Directional couplers are four port passive devices that employ an input port, output port, a port for the coupled signal and a port that is terminated internally. Directional couplers are used to couple a specific proportion of the power traveling in one transmission line out through another connection or port. Directional couplers are used in many different RF applications ranging from signal sampling to signal generation and signal injection.
Directional coupler design and fabrication poses many of the same concerns and constraints as adapter design and fabrication. Moreover, directional couplers also have the added complexity of requiring built in terminations or forward/reverse coupled signal paths. As the coupled signal paths typically carry hundreds, thousands, or tens of thousands of times less RF signal power than the main propagation line, the lower power levels allow for the use of lower power rated transmission lines.
Even for high powered waveguide directional couplers, low powered coaxial transmission lines may be used as the coupled ports instead of waveguide coupler to reduce the size, routing complexity, and cost of a system. This is obviously not the case for hybrid couplers, or 3dB 90° hybrid couplers, which evenly split the power of a signal in two equal RF signal paths. Hence, these types of couplers require matched signal paths that can handle equivalent power levels.
Generally, a directional coupler is designed to have very low insertion loss and reflection. At high power levels, the method of coupling can introduce significant insertion loss and reflection, if it’s not precision designed. Another factor to consider is the loading of the coupled lines though at low power levels a simple termination may be adequate. But, at higher power levels any mismatch or reflections could lead to significant power fed back into the main signal path.

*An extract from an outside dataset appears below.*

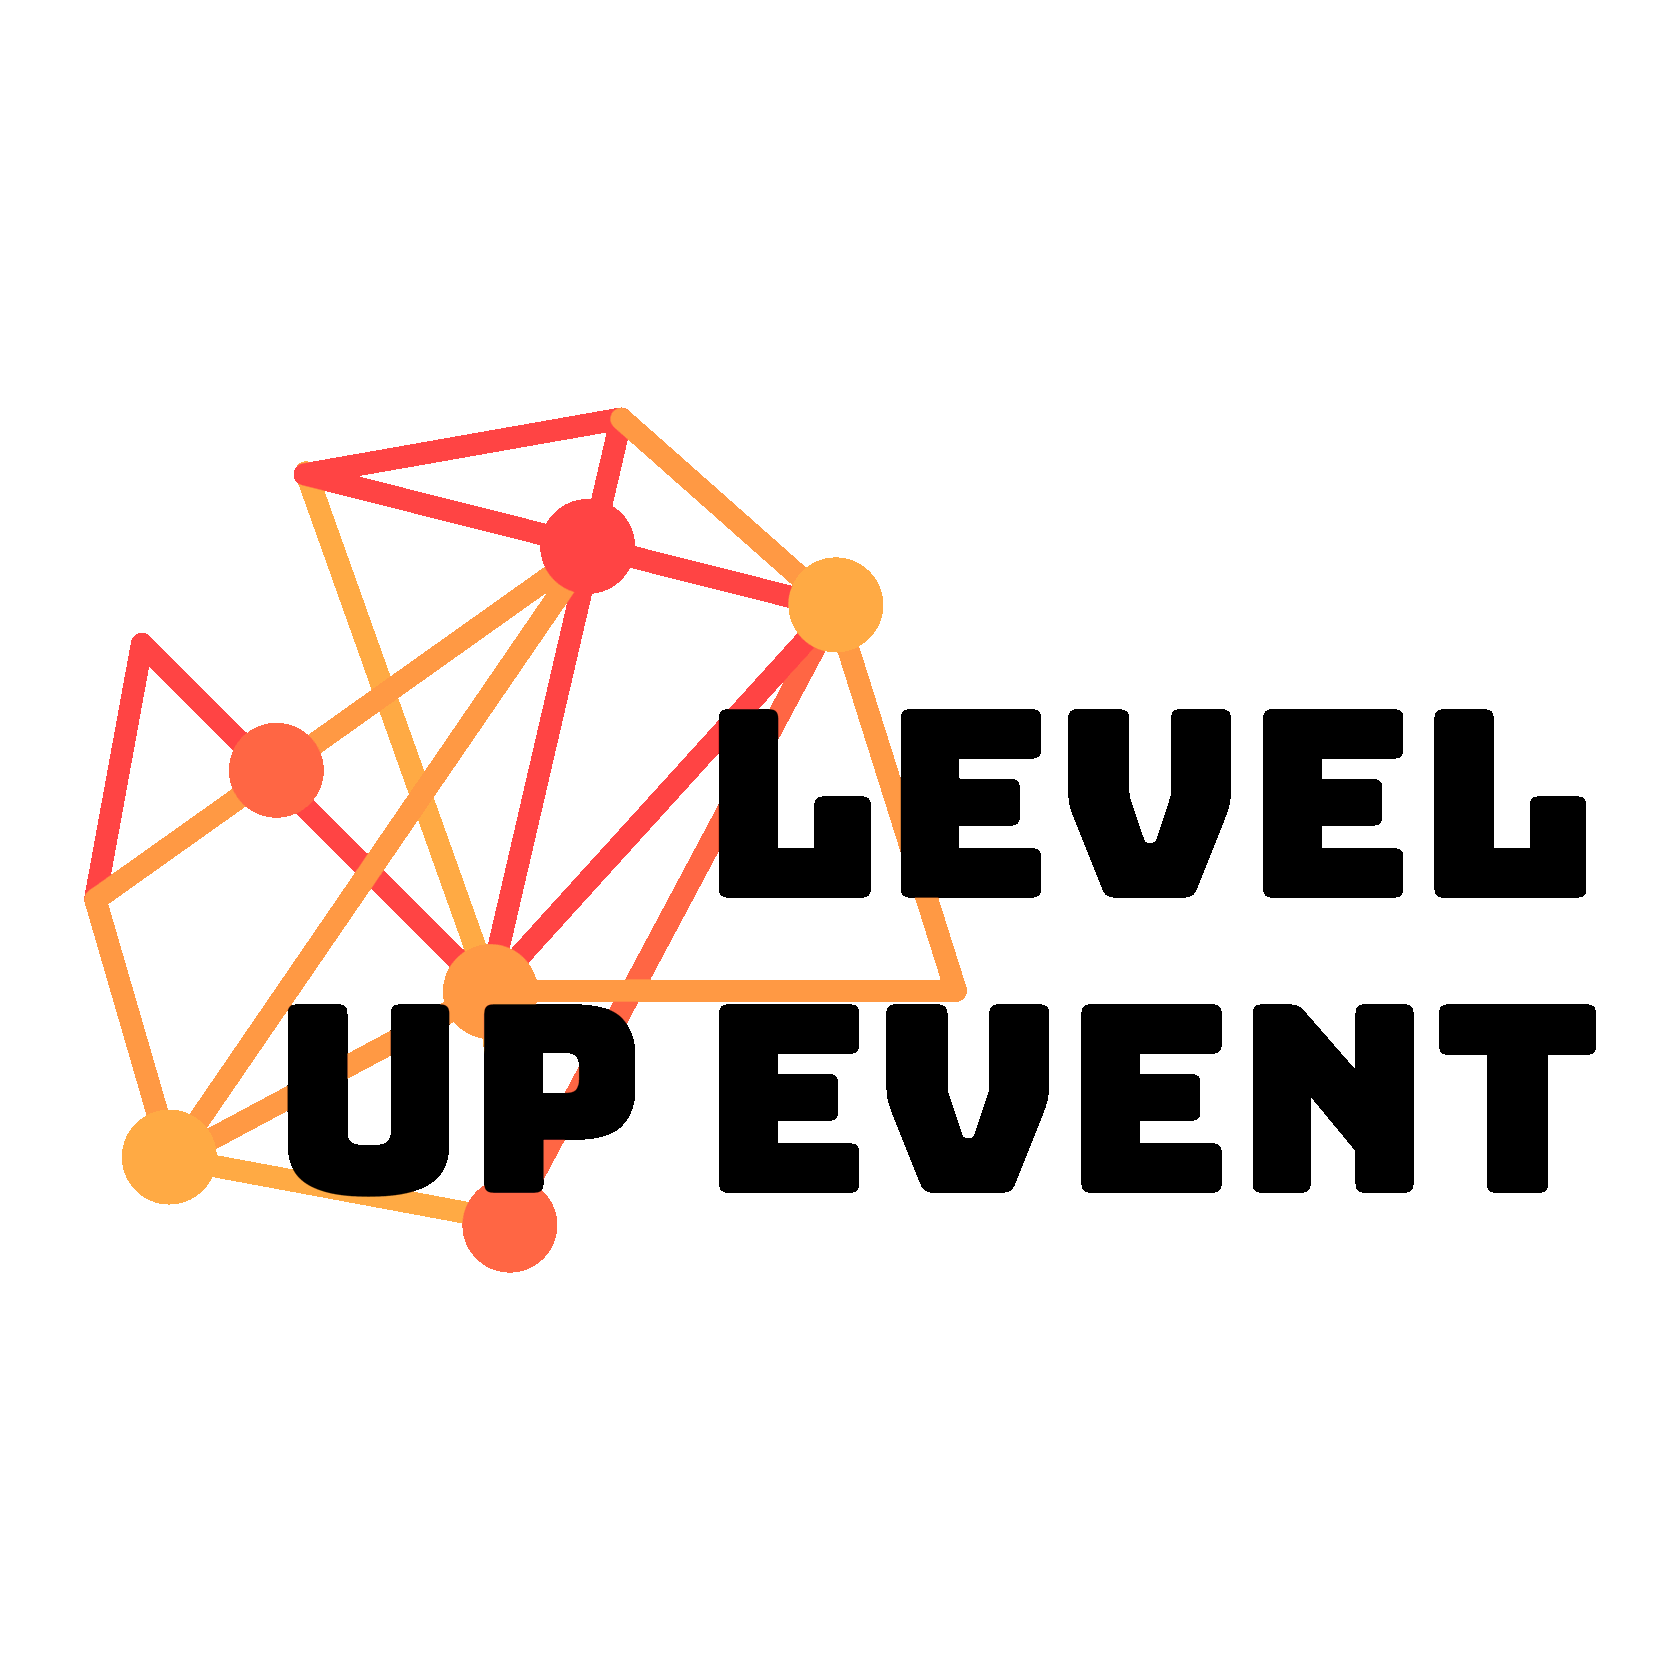 Level Up Event

Furthermore, the terminations of a directional coupler may need to have higher power handling capabilities than their low power counterparts, depending upon the coupling strength.
Much like directional couplers, power dividers split the RF signal energy along multiple paths. Where, power combiners feed the RF signal energy into one main path. The concerns for insertion loss and reflections are much the same with power dividers/combiners as they are with directional couplers.

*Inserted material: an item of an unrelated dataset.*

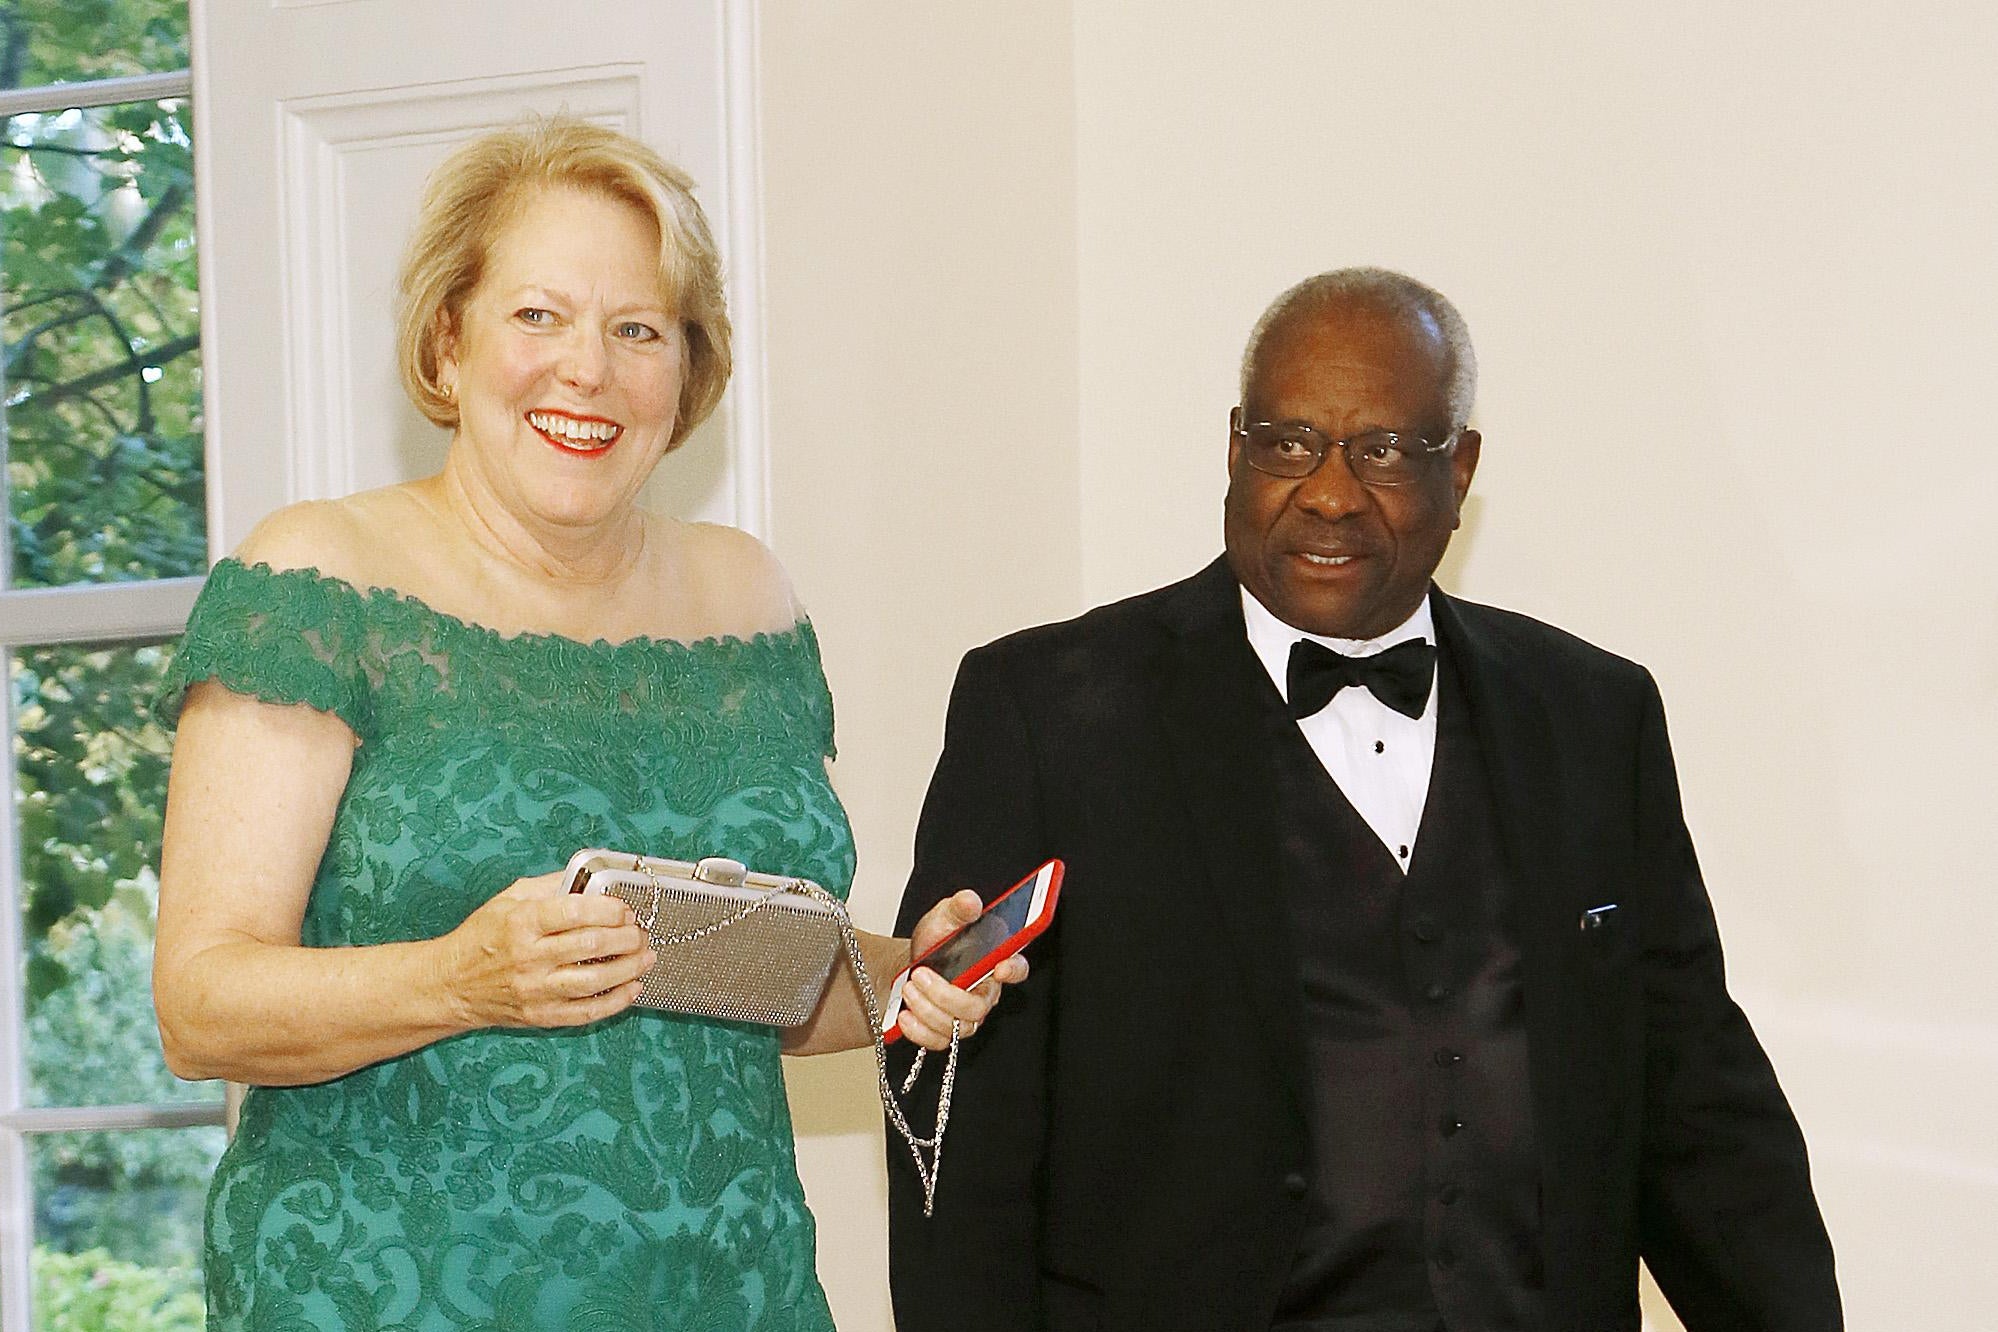 Clarence in a tux, Ginni smiling in a green gown

The major difference is that power dividers/combiners are often at roughly equal power levels, though not phases. As a product of this, any impedance or VSWR mismatch in the connections or feed lines may induce undesired signal degradation, phase deviation, and reflections. Some power dividers/combiners have the inputs or outputs as waveguide or coaxial connections and the inputs and outputs use a different connector size or technology. The frequency and power handling capability for each connection must be accounted for in a final design to ensure acceptable response.